Property damage is greatest in the month of January. From 1950-2011,
property damage due to various storms has increased exponentially.
DATA PROCESSING - PART 1
First, I will read the data into R.
setwd("C:/Users/user/Dropbox/Education/Coursera/JH Data Science/REPRODUCIBLE RESEARCH/COURSE PROJECT 5.2/")
stormData<-read.csv("dataset.csv")
stormData[,2]<-as.Date(stormData[,2], format="%m/%d/%Y")
library(dplyr)
##
## Attaching package: 'dplyr'
## The following objects are masked from 'package:stats':
##
## filter, lag
## The following objects are masked from 'package:base':
##
## intersect, setdiff, setequal, union
Next, I have consolidated the EVTYPEs (event types). I placed
various event types together depending on the similarity of the EVTYPE
variable names.

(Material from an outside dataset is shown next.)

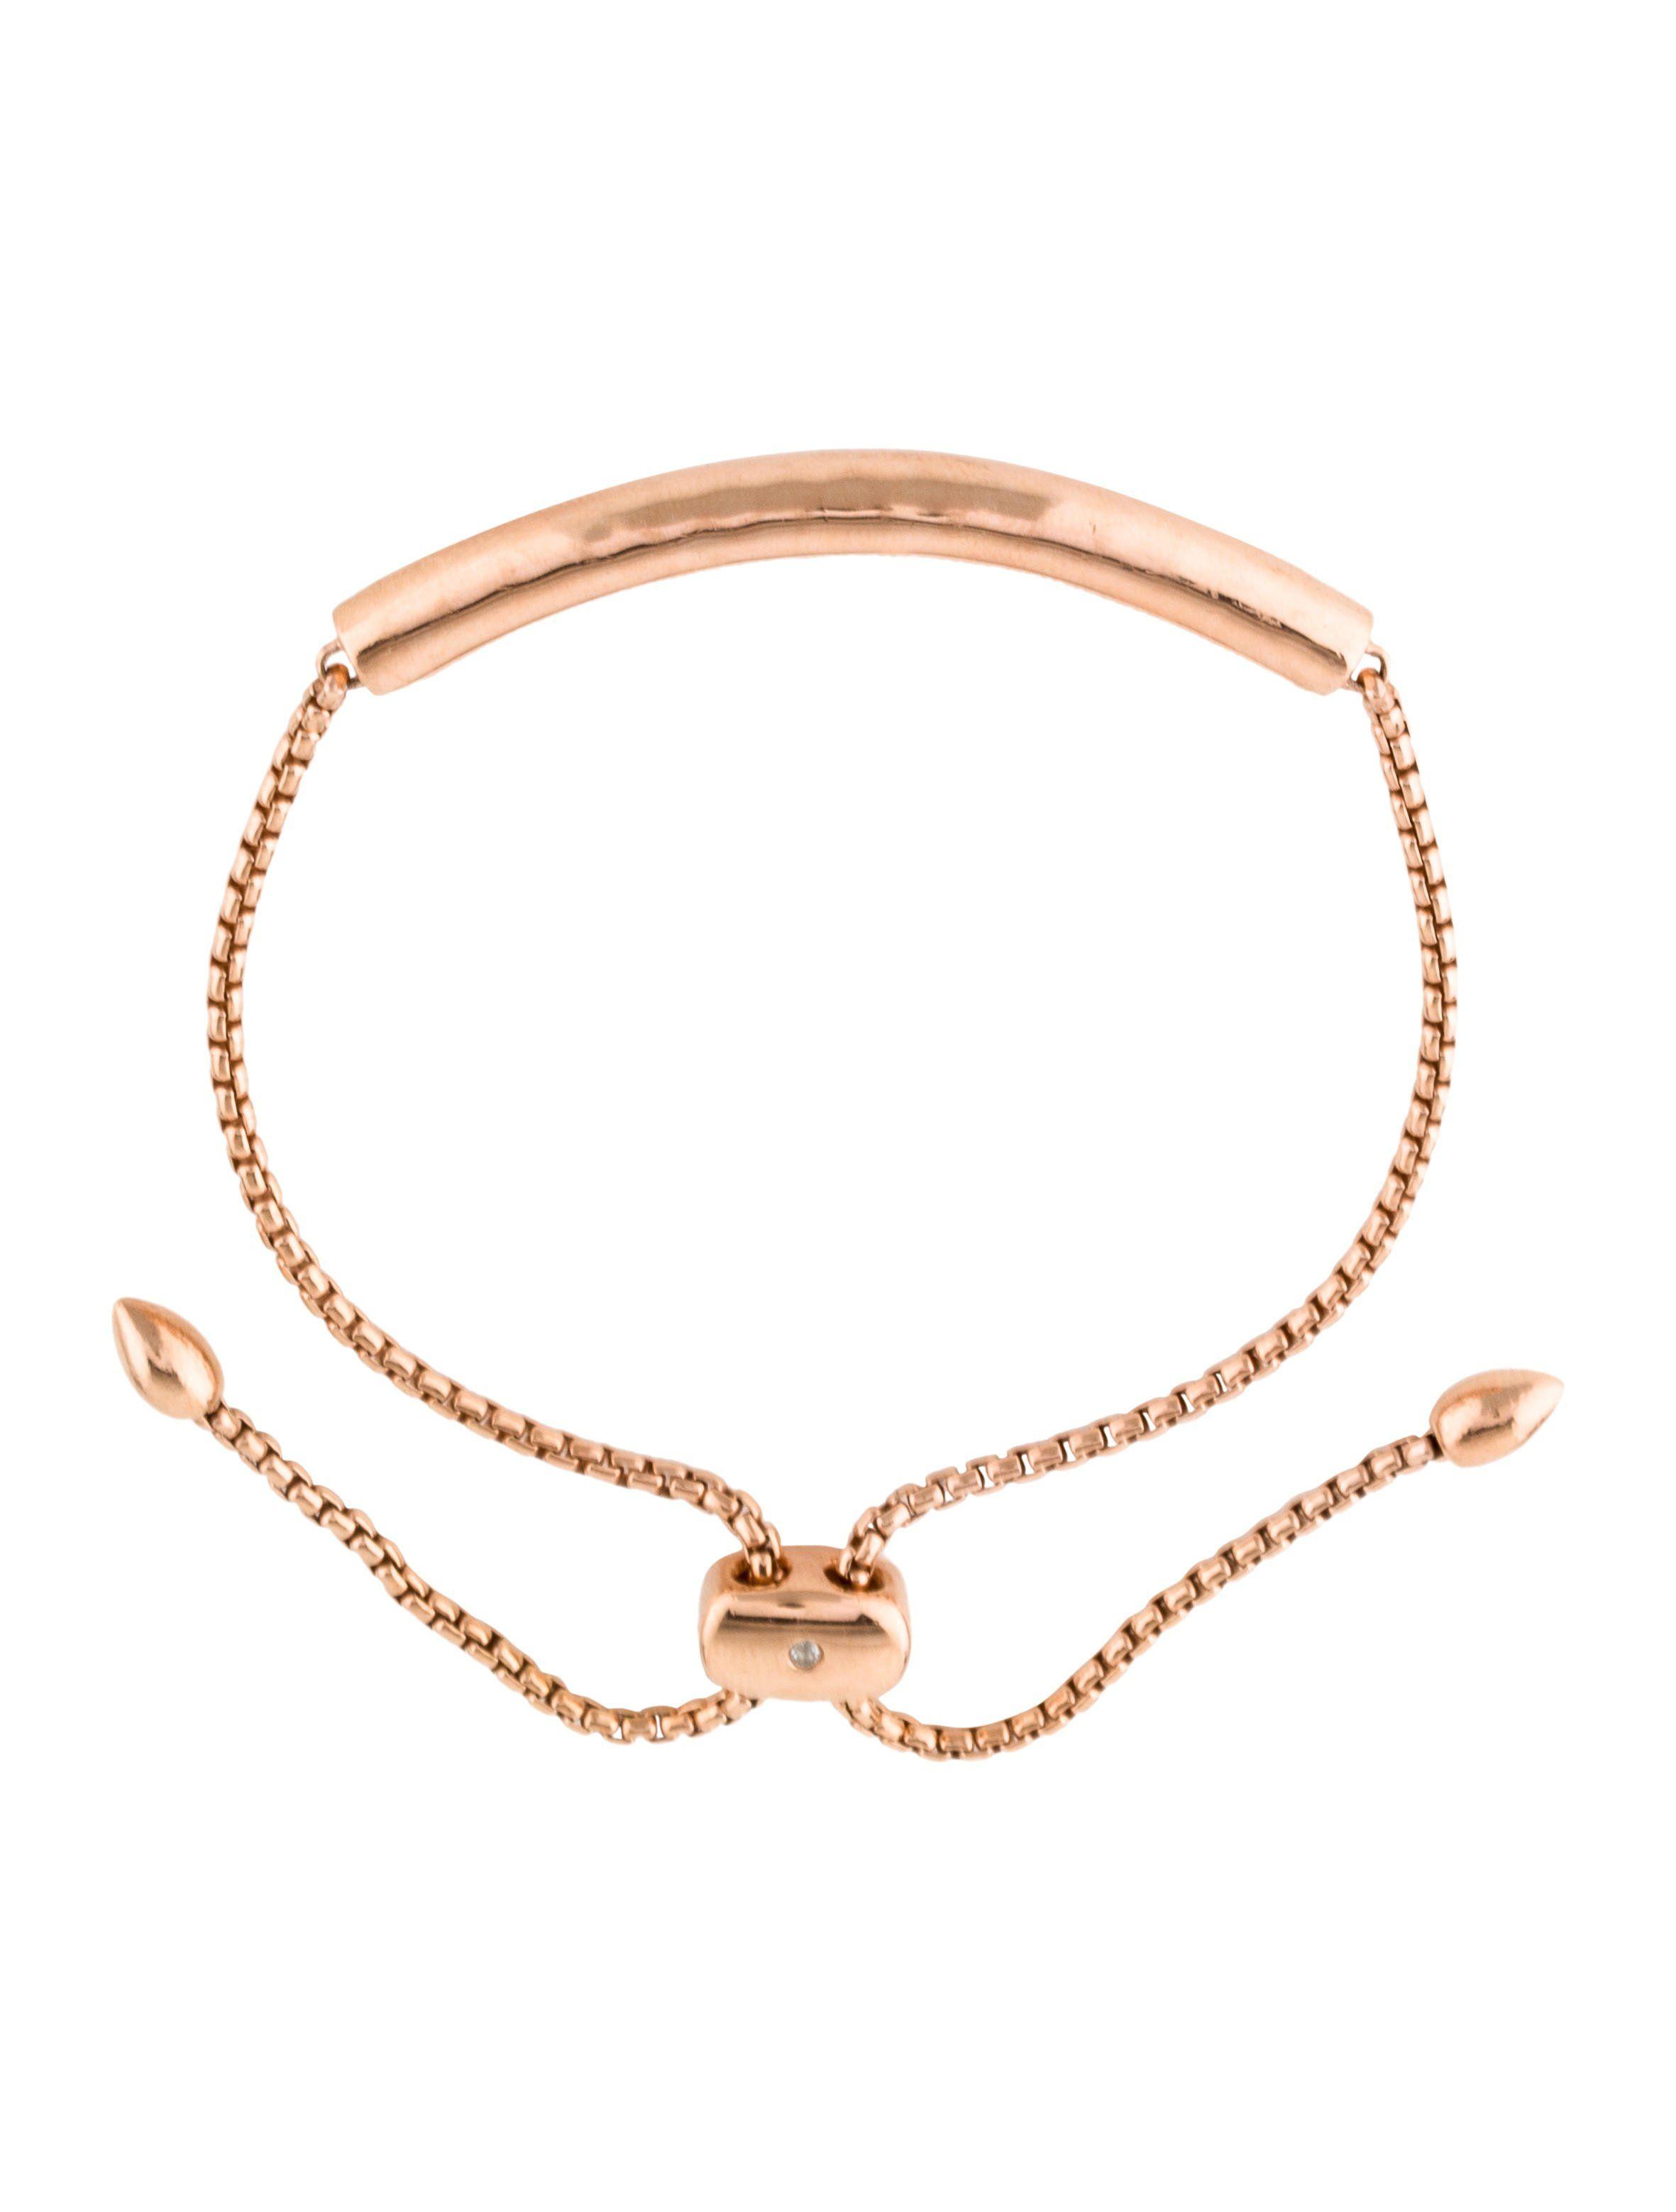 6576d52033d5a9 18K rose gold-plated and sterling silver Monica Vinader Ensencia Friendship  bracelet featuring adjustable closure.

For example, I placed “EXCESSIVE HEAT”, “HEAT WAVE”, and
“EXTREME HEAT” together under “HEAT”.
stormData <- stormData %>%
mutate(EVTYPE = case_when(
EVTYPE=="FLASH FLOOD" ~ "FLOOD",
EVTYPE=="EXCESSIVE HEAT" ~ "HEAT",
EVTYPE=="HEAT WAVE" ~ "HEAT",
EVTYPE=="EXTREME HEAT" ~ "HEAT",
EVTYPE=="THUNDERSTORM WINDS" ~ "THUNDERSTORM WIND",
EVTYPE=="TSTM WIND" ~ "THUNDERSTORM WIND",
EVTYPE=="RIP CURRENT"~"RIP CURRENTS",
EVTYPE=="HEAVY SURF/HIGH SURF"~"HIGH SURF",
EVTYPE=="WIND"~"STRONG WIND",
EVTYPE=="HIGH WIND"~"STRONG WIND",
EVTYPE=="HIGH WINDS"~"STRONG WIND",
EVTYPE=="TORNADOES, TSTM WIND, HAIL"~"TORNADO",
EVTYPE=="TROPICAL STORM"~"HURRICANE/TYPHOON",
EVTYPE=="HURRICANE"~"HURRICANE/TYPHOON",
EVTYPE=="WILDFIRE"~"WILD/FOREST FIRE",
EVTYPE=="EXTREME COLD/WIND CHILL"~"WINTER WEATHER",
EVTYPE=="WINTER STORM"~"WINTER WEATHER",
EVTYPE=="EXTREME COLD"~"WINTER WEATHER",
EVTYPE=="WINTER WEATHER/MIX"~"WINTER WEATHER",
EVTYPE=="COLD"~"WINTER WEATHER",
EVTYPE=="COLD/WIND CHILL"~"WINTER WEATHER",
EVTYPE=="ICE STORM"~"WINTER WEATHER",
EVTYPE=="HEAVY SNOW"~"WINTER WEATHER",
EVTYPE=="BLIZZARD"~"WINTER WEATHER",
EVTYPE=="FLASH FLOODING"~"FLOOD",
EVTYPE=="FLOOD/FLASH FLOOD"~"FLOOD",
EVTYPE=="RIVER FLOOD"~"FLOOD",
EVTYPE=="URBAN FLOOD"~"FLOOD",
EVTYPE=="COASTAL FLOOD"~"FLOOD",
EVTYPE=="URBAN FLOODING"~"FLOOD",
EVTYPE=="FLOODING"~"FLOOD",
EVTYPE=="URBAN/SML STREAM FLD"~"FLOOD",
EVTYPE=="COASTAL FLOODING"~"FLOOD",
EVTYPE=="FLASH FLOOD/FLOOD"~"FLOOD",
TRUE ~ EVTYPE # Keep other values unchanged
))
DATA PROCESSING - PART 2
Next, I calculated the property damages for the various events by
multiplying PROPDMG by the conversion for PROPDMGEXP.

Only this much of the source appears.